Царь приблизился к двери, и за ним последовали четверо его друзей. У входа висел своеобразно выглядевший гонг, на вид из нефрита, странного зеленоватого цвета. Но Кулл не был уверен в оттенке, ибо под его удивленным взором цвет гонга переливался и менялся. Порой казалось, что его взгляд погружался в бездонные глубины, а иногда — скользил по прозрачному мелководью. Рядом с гонгом был подвешен молот из того же странного вещества. Царь слегка ударил им в гонг и ахнул, почти оглушенный последовавшим взрывом звука — это звучало, словно все земные звуки, взятые вместе.
— Читай письмена, Кутулос, — вновь приказал Кулл, и раб с почтением склонился над ними, ибо не было сомнения, что эти письмена были начертаны самим великим Раамой.
— Что было, может снова повториться, — напевно прочитал он. — И род людской того да устрашится! — Он резко выпрямился. На лице его был испуг.
— Предостережение! Предостережение самого Раамы! Опомнись, Кулл, опомнись!
Кулл хмыкнул, вытащил свой меч и, сорвав печать, начал рубить огромный металлический засов. Он бил вновь и вновь, смутно дивясь тому, насколько слабо звучат удары. Затворы рухнули и дверь распахнулась.
Кутулос завопил. Кулл пошатнулся, вглядываясь в дверной проем. Зал был пуст? Нет! Он ничего не увидел, там нечего было видеть, и все же он чувствовал, что воздух пульсирует вокруг, словно нечто, вздымаясь волнами, истекало из этого нечистого зала незримым потоком. Кутулос что-то прокричал ему на ухо, и слова его донеслись чуть слышно, словно с чудовищного расстояния.
— Молчание! Это душа всего Молчания!
Звуки исчезли. Лошади вскидывались на дыбы, а их всадники упали ничком в пыль и лежали, обхватив руками головы, разевая рты в беззвучном крике.

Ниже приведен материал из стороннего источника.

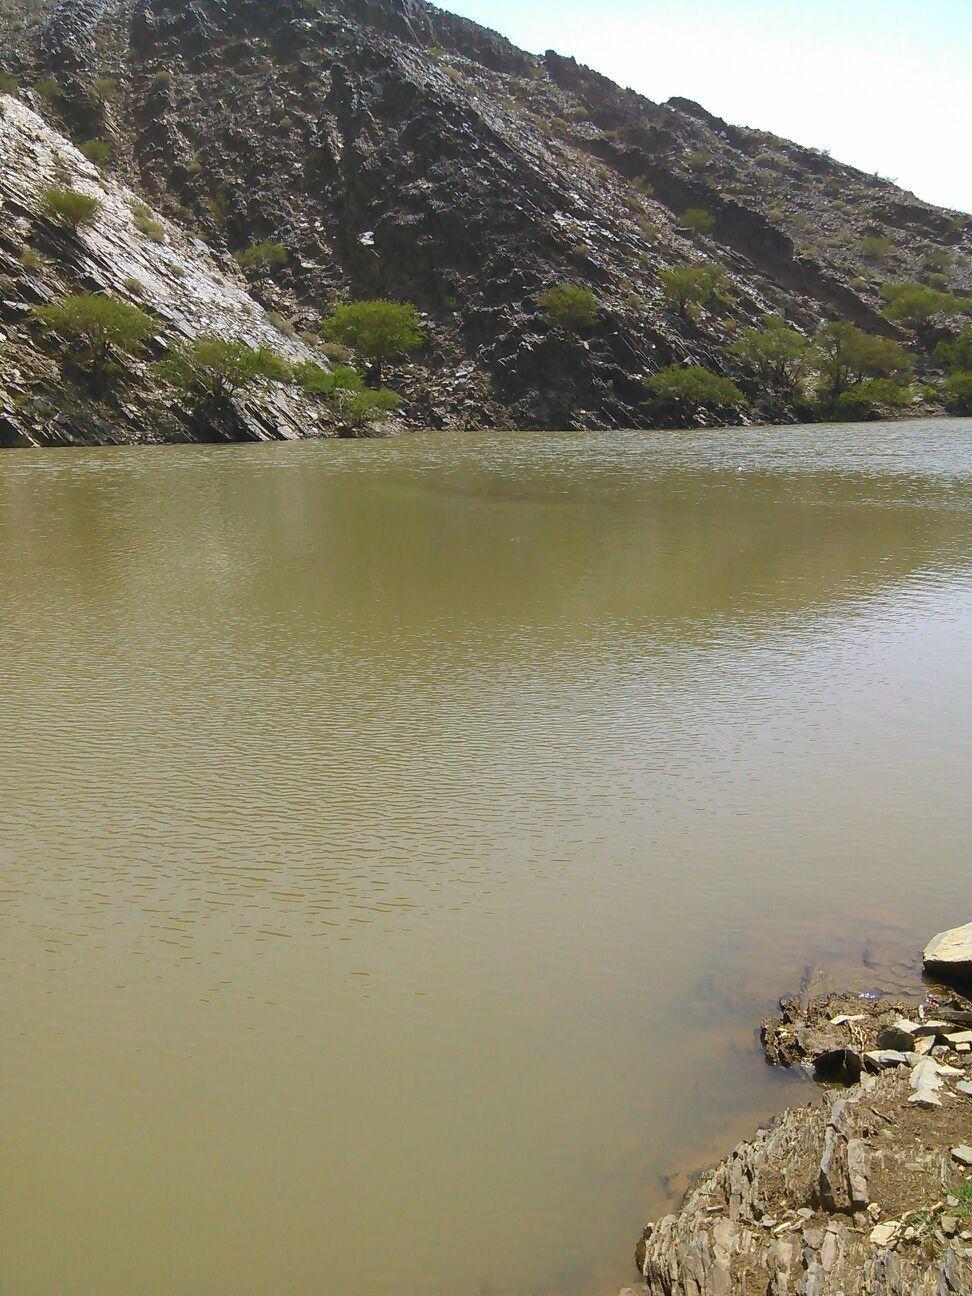 حاجز مياه ينقذ الأرواح ويحل مشكلة الجفاف في صحراء الجوف

На ногах остался лишь Кулл, выставивший перед собой свой бесполезный меч. Молчание! Полное и абсолютное! Пульсирующие, колышущиеся волны безмолвного ужаса. Люди испускали отчаянные вопли, но звука не было!
Молчание вошло в душу Кулла. Оно стиснуло клешнями его сердце. Оно запустило стальные щупальца в его мозг. В муках он стиснул руками виски — его череп разламывался, раскалывался. В затопившем его потоке ужаса Куллу открылись кровавые и ужасающие видения. Молчание простиралось над Землей, над всей Вселенной! люди умирали в удушающей тишине. Рев рек, грохот морей и вопли ветров слабели и умолкали. Весь Звук был затоплен Молчанием. Молчание, разрушающее душу, оглушающее сознание, уничтожающее всю жизнь на Земле и, словно некое чудовище, достигающее небес, дабы задушить даже пение звезд!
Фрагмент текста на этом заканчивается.